### REQUIREMENT
What is needed is an exact copy of the listing, with no pictures in it.

BEGIN GIVEN MATERIAL

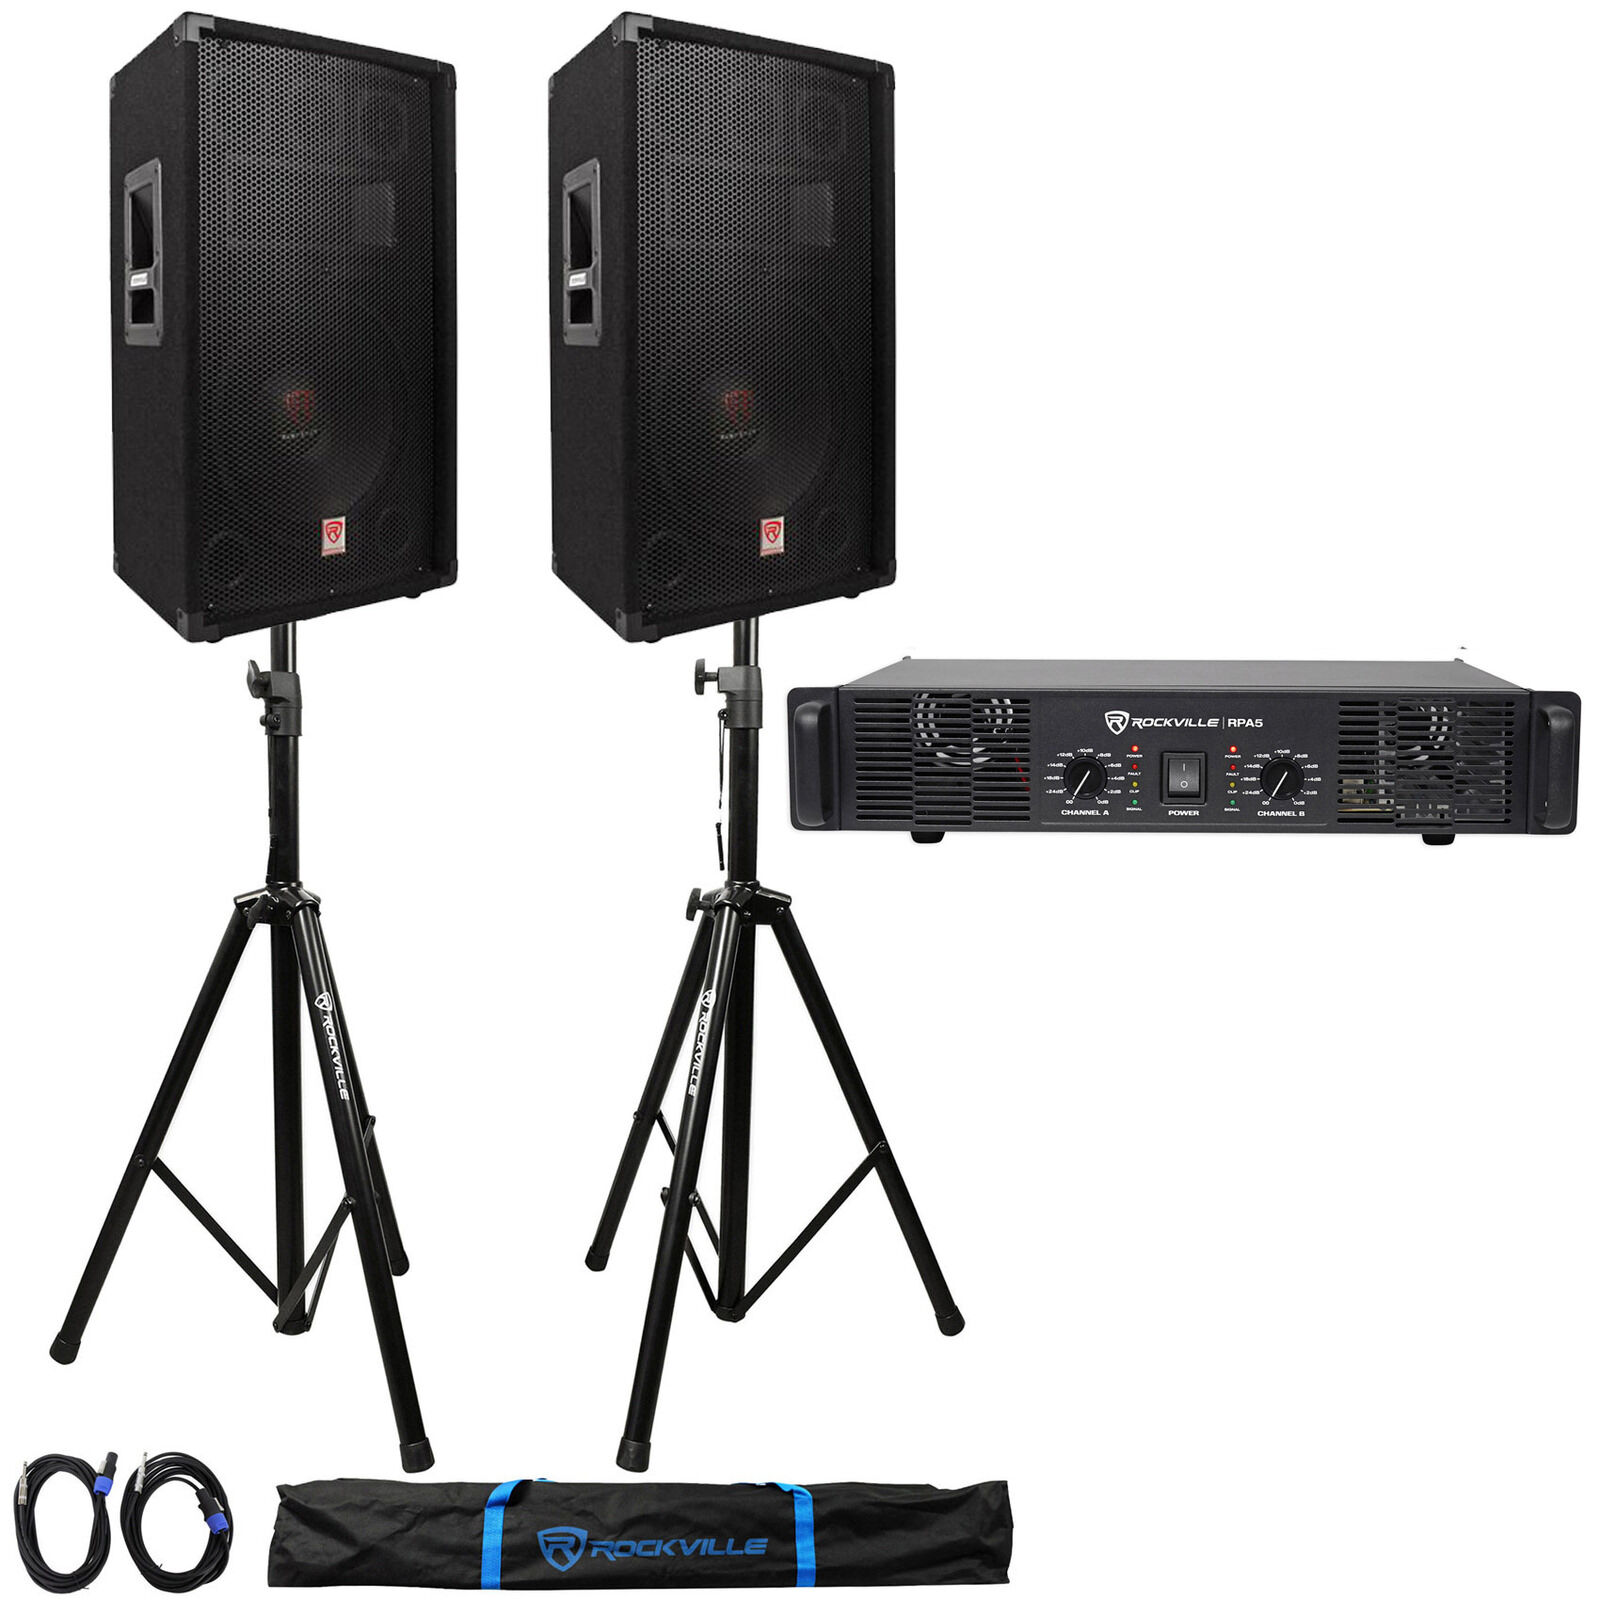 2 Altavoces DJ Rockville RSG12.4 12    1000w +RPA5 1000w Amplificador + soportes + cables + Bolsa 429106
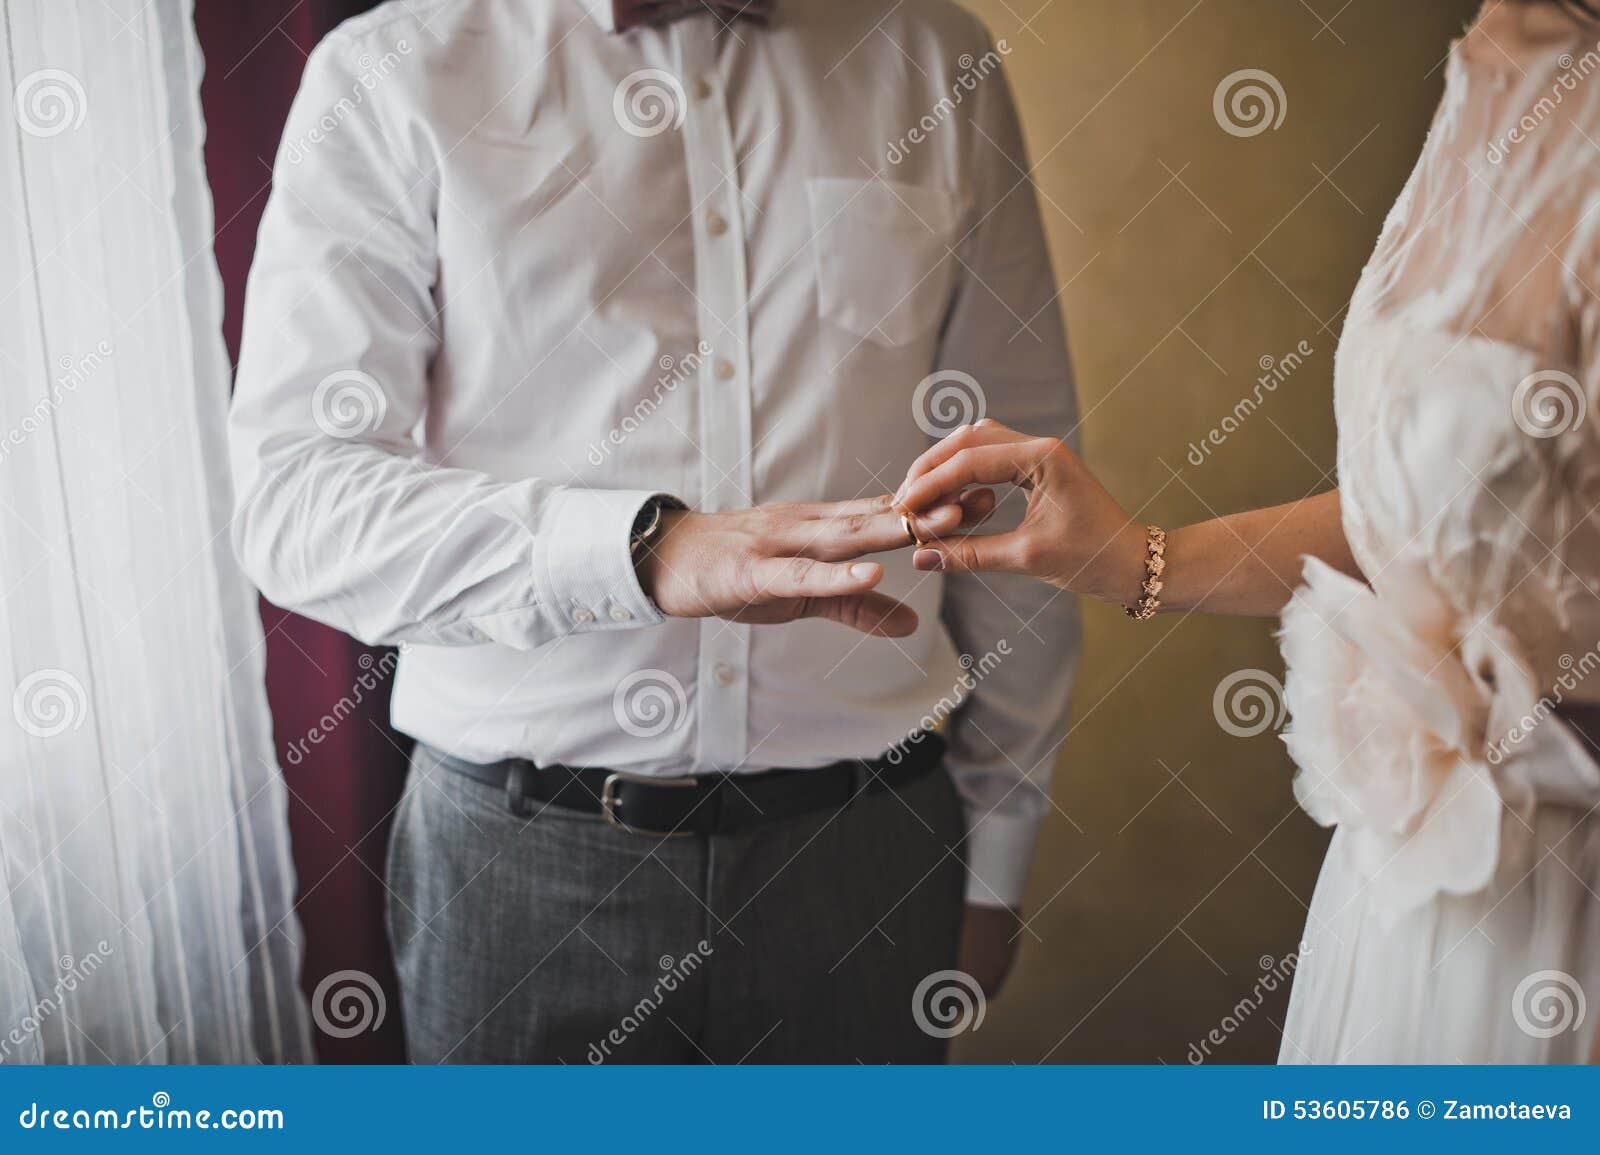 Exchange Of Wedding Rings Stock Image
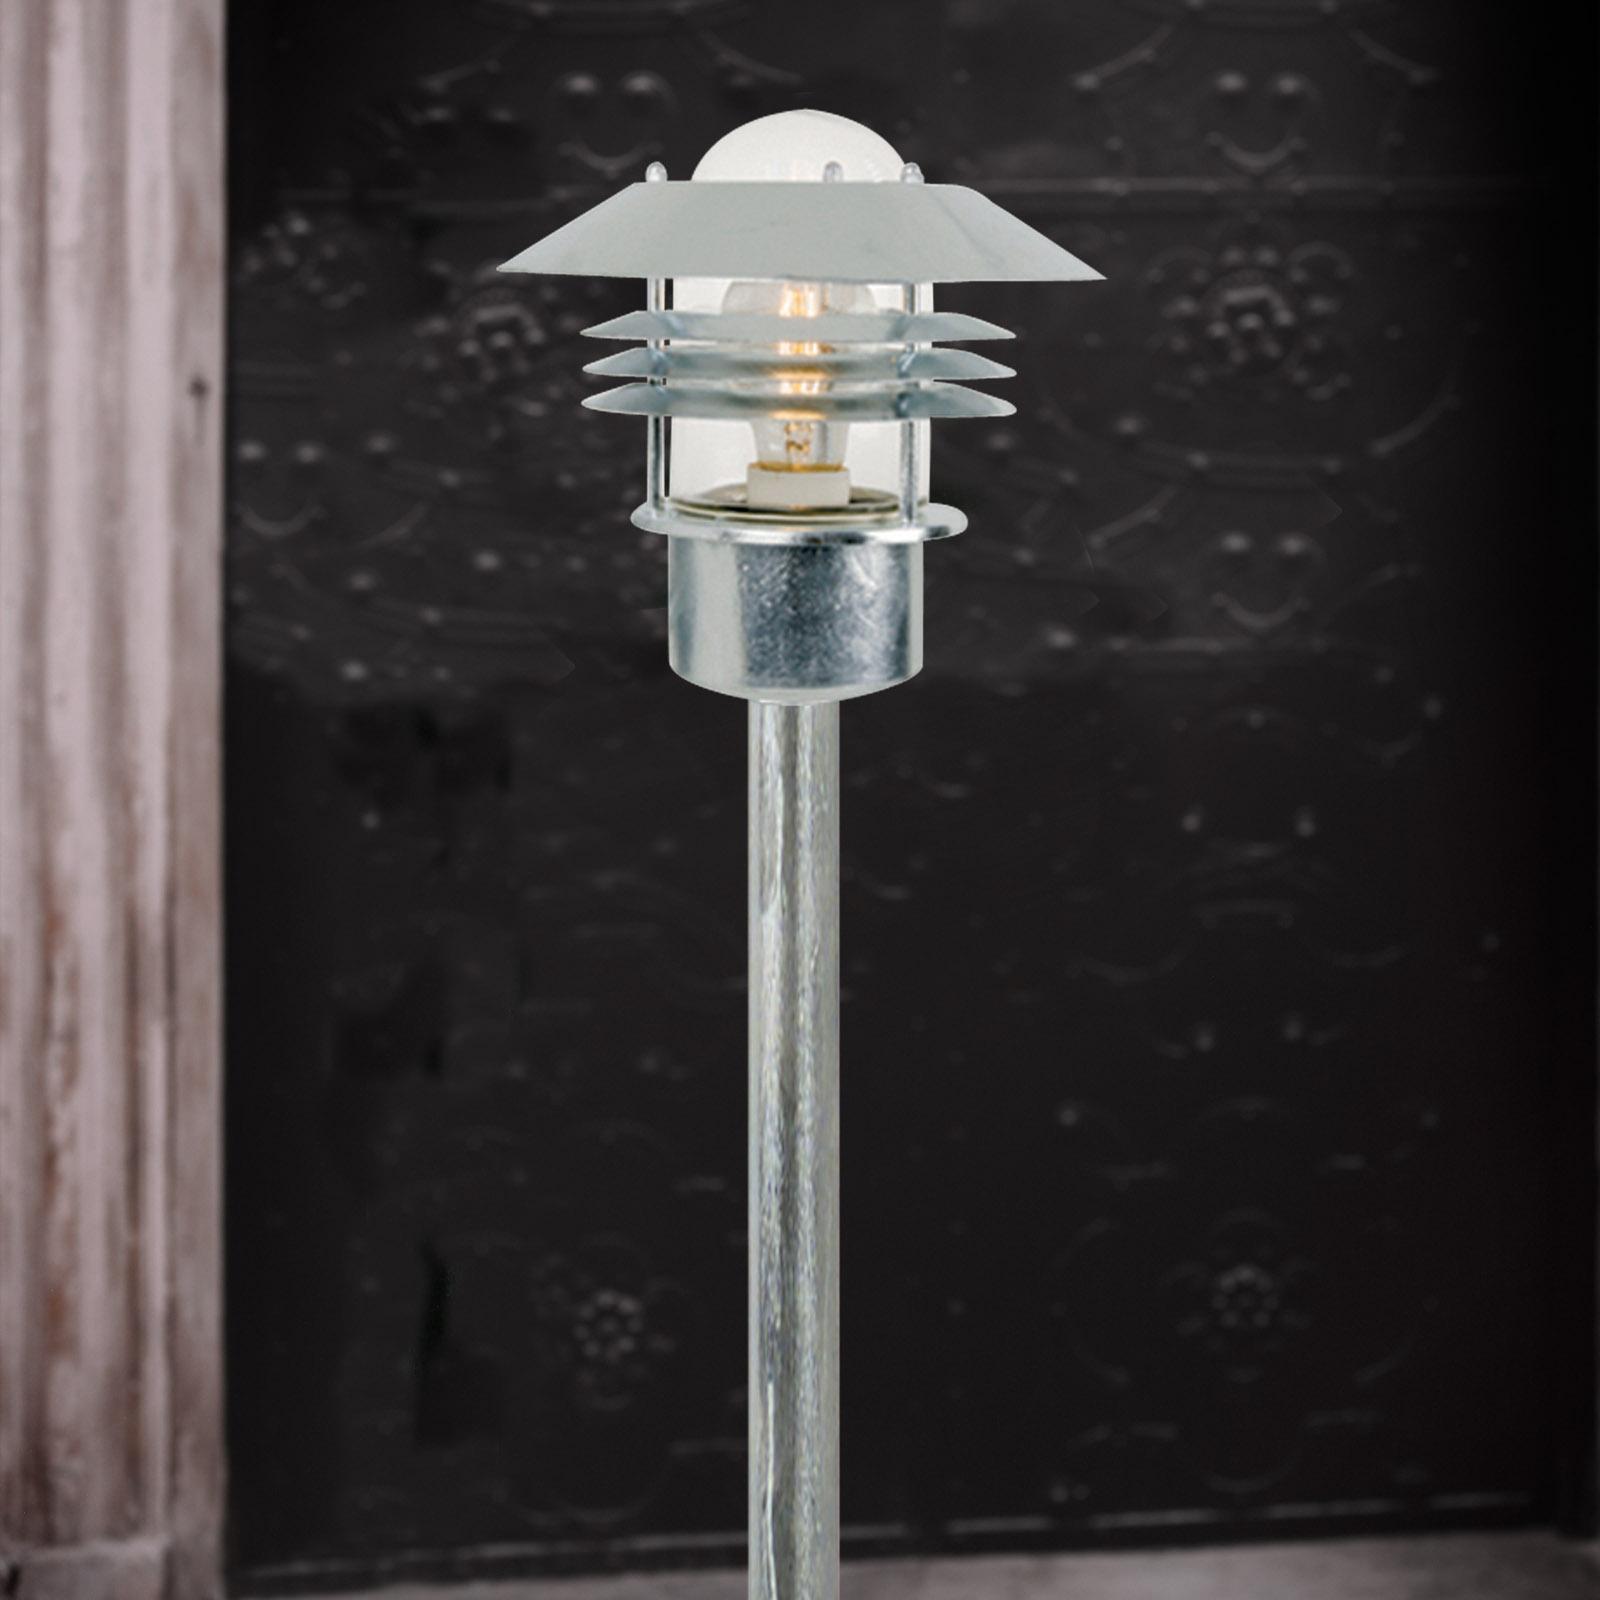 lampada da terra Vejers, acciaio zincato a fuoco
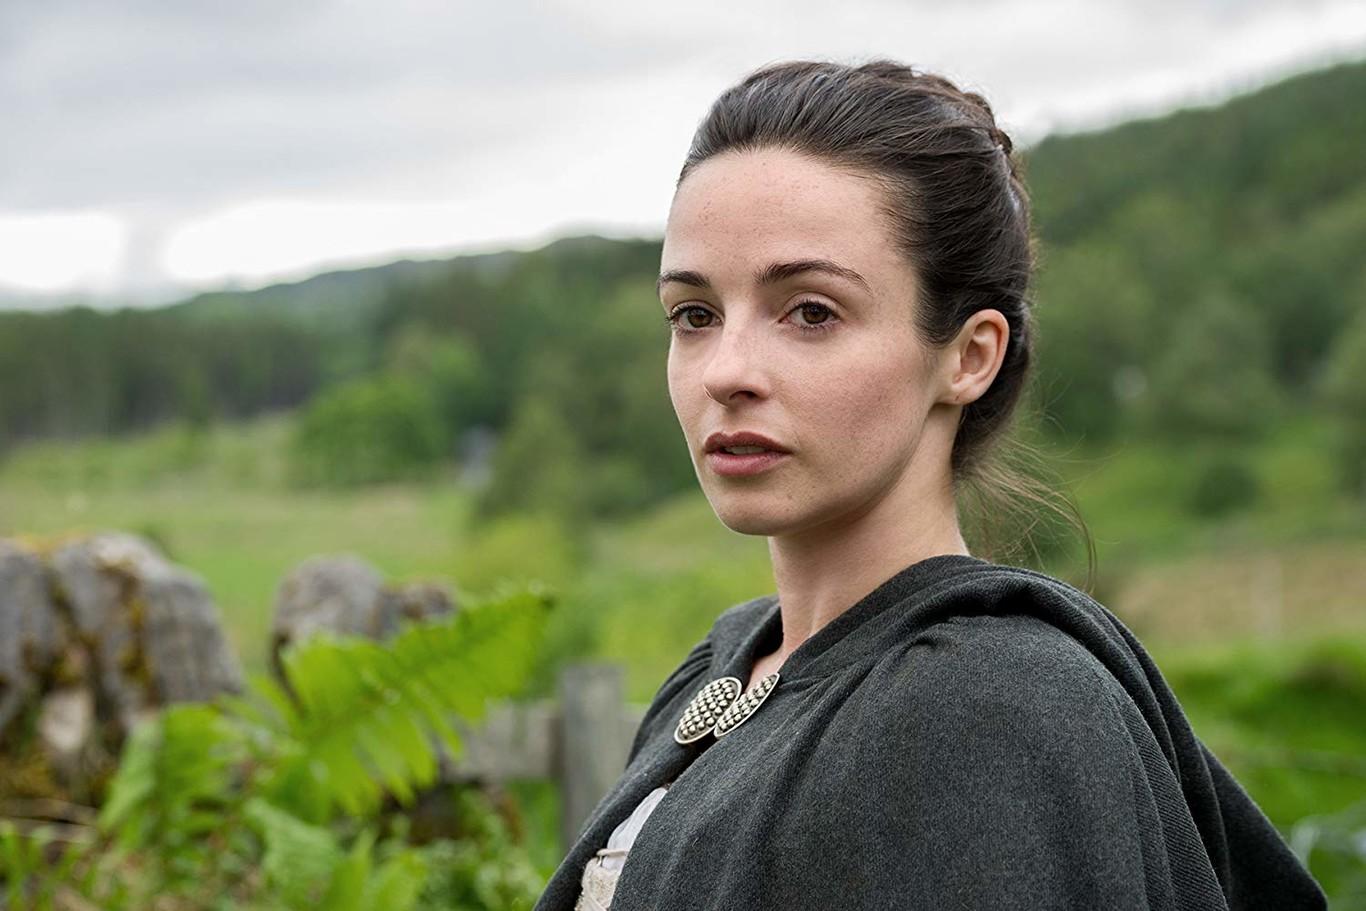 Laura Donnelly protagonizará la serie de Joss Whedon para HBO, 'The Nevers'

END GIVEN MATERIAL

### WRITTEN RESPONSE
 2 Altavoces DJ Rockville RSG12.4 12    1000w +RPA5 1000w Amplificador + soportes + cables + Bolsa 429106
 Exchange Of Wedding Rings Stock Image
 lampada da terra Vejers, acciaio zincato a fuoco
 Laura Donnelly protagonizará la serie de Joss Whedon para HBO, 'The Nevers'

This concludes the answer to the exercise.